The provisioning budget is provision_timeout_s, never request_timeout_s — conflating the two (using the ~30–60s per-request timeout as the boot budget) is what made the first live e2e time out before the box finished booting. readInput validates each field up front (a string timeout would otherwise become NaN and break the poll loops; an unknown backend is a hard error); a malformed input emits an error event and exit(1), no ready.

The stdout event stream (CookbookEvent)

stdout is JSONL — one of these objects per line. Every event carries ts (epoch ms).
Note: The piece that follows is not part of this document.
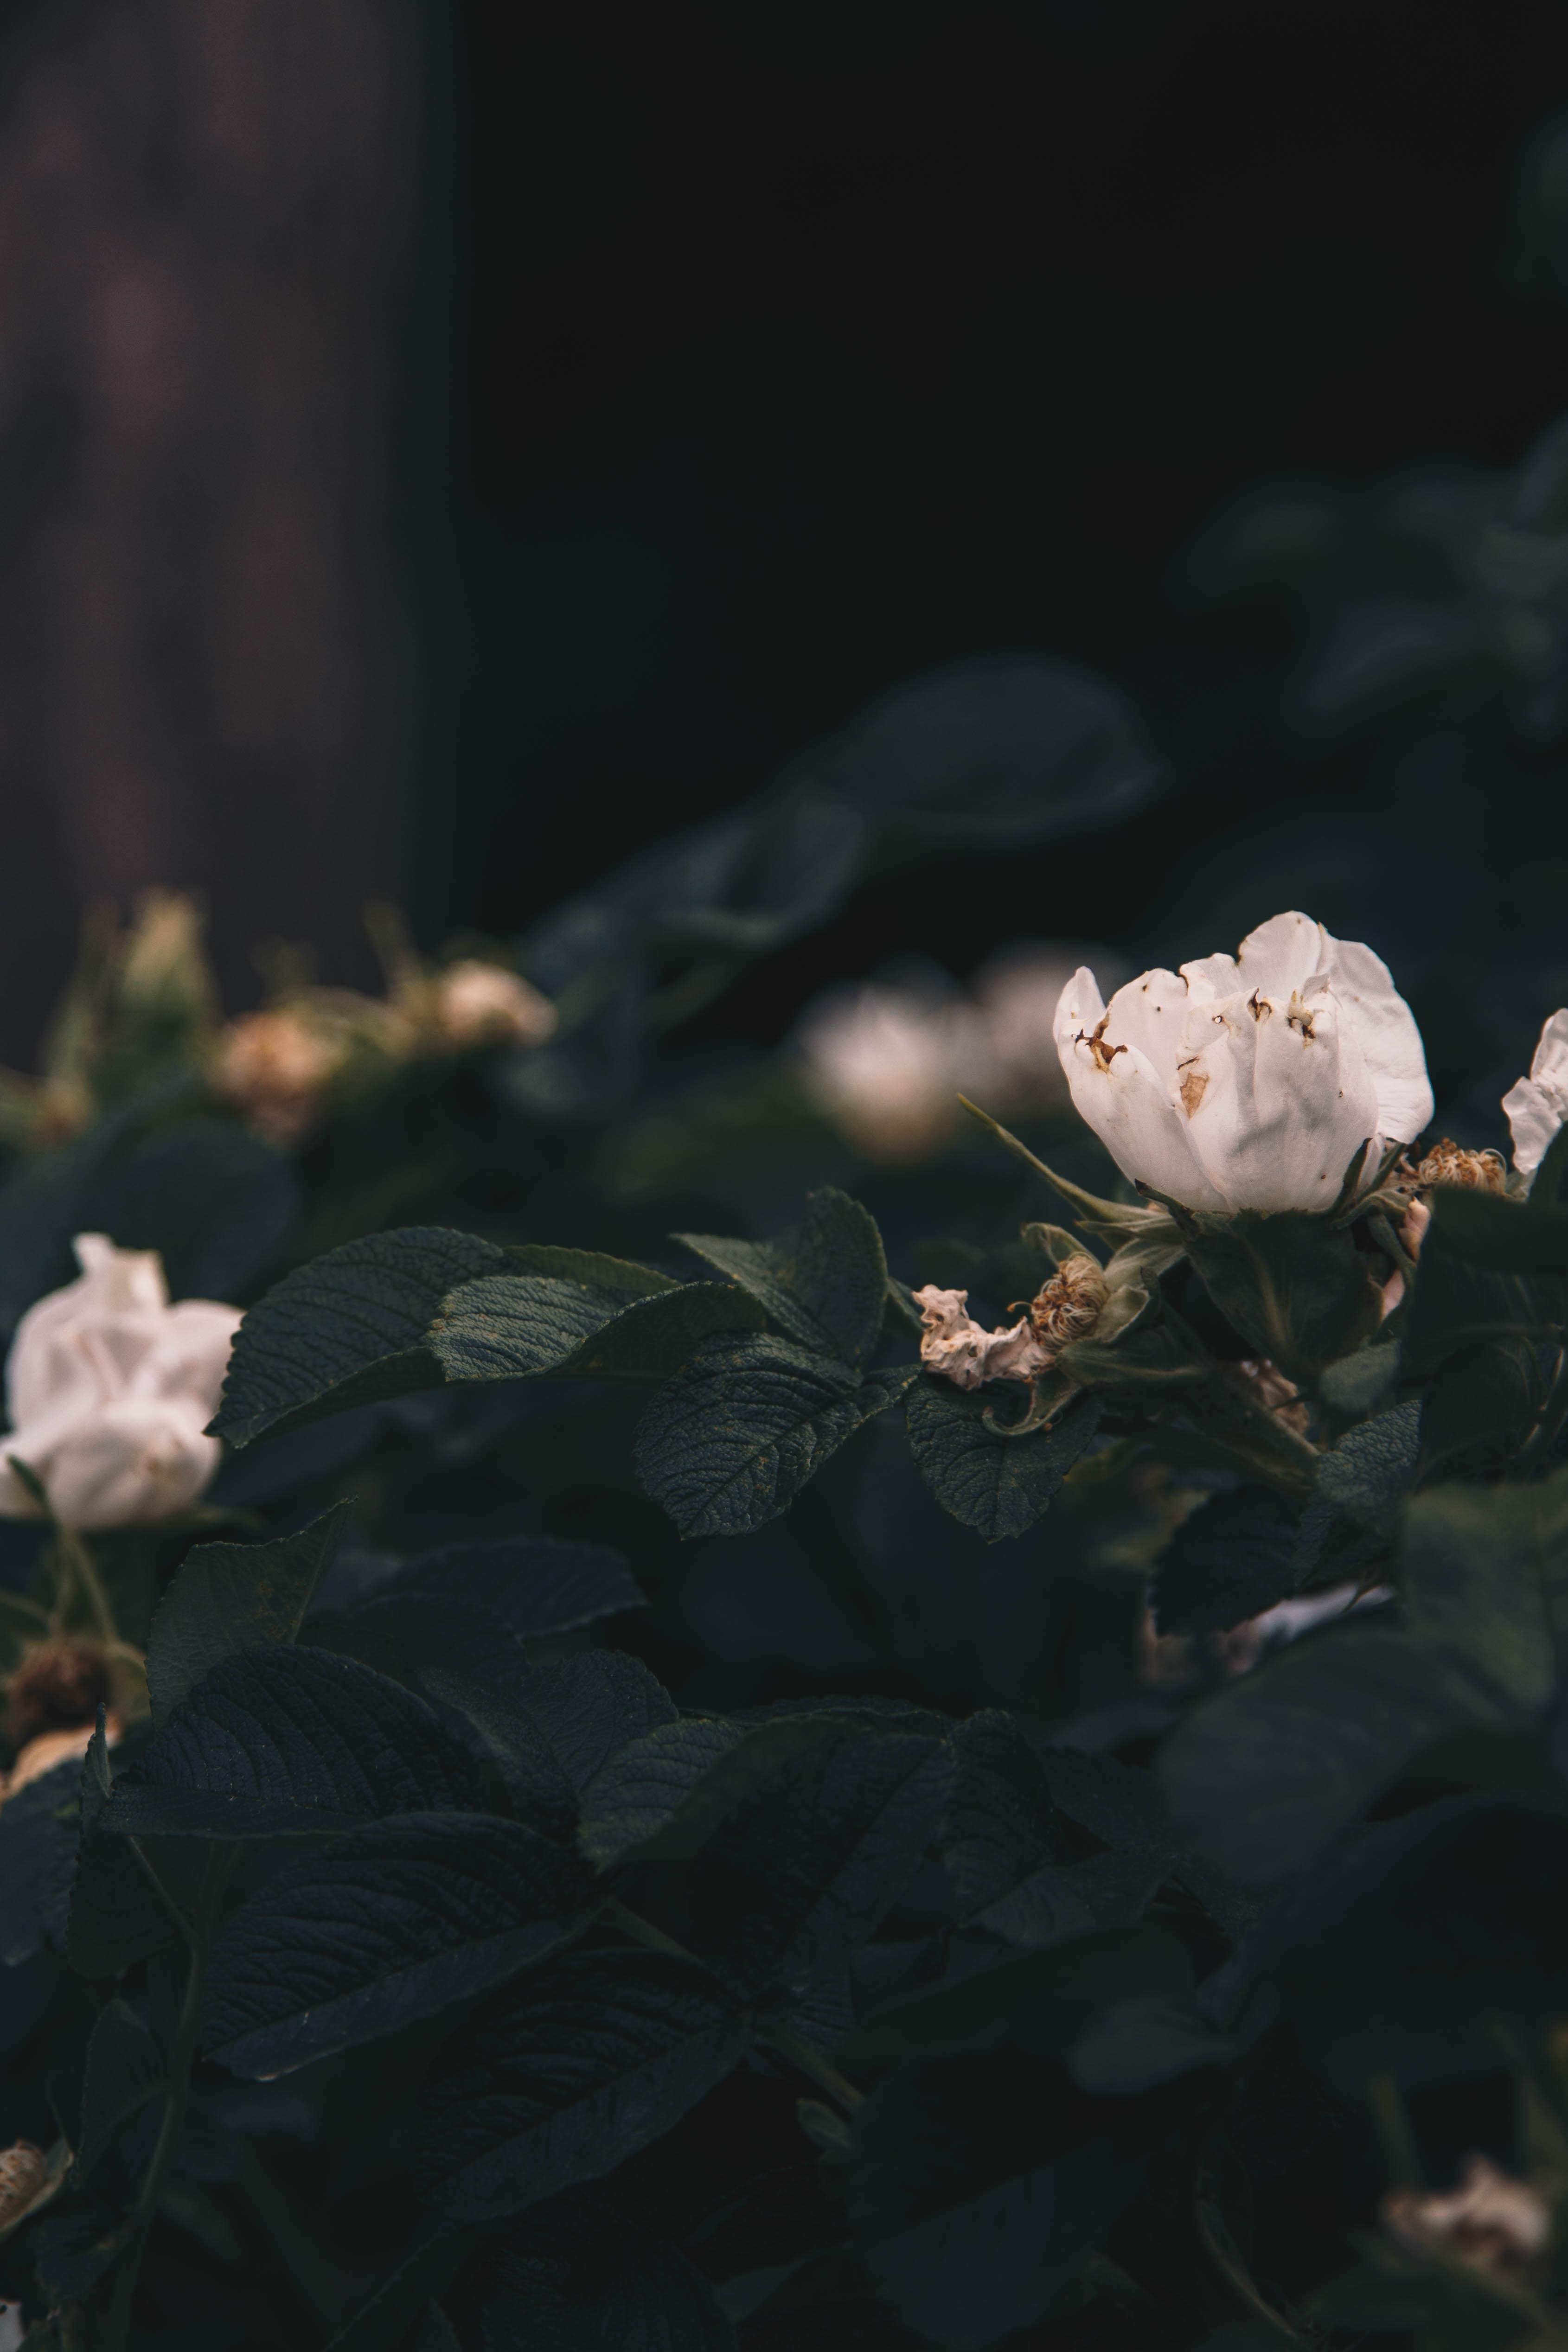 macro photography of white petaled flowers

// progress: lifecycle phase. provider ∈ {"modal","runpod"}; phase ∈
//   {"provisioning","pulling","verifying","tearing_down"}
{"type":"status","phase":"pulling","provider":"runpod","detail":"pulling model …","ts":1782489011404}

// diagnostics: level ∈ {"info","warn","error"}
{"type":"log","level":"info","message":"pod deployed: abc123","ts":1782489011405}

// the box is serving. Carries only the endpoint and an optional auth token; rag-rat does the
// throughput tuning itself after this event.
{"type":"ready","endpoint":"https://abc123.modal.host","auth_token":null,"ts":1782489011405}

// provisioning failed before `ready`
{"type":"error","message":"provisioning failed: …","ts":1782489025078}

auth_token on ready is null when the tunnel is open (no token needed); a missing token is normalized to explicit null. A run emits zero-or-more status/log events, then either one ready (success — followed later by a tearing_down status on signal) or one error (failure, with exit 1 and no ready).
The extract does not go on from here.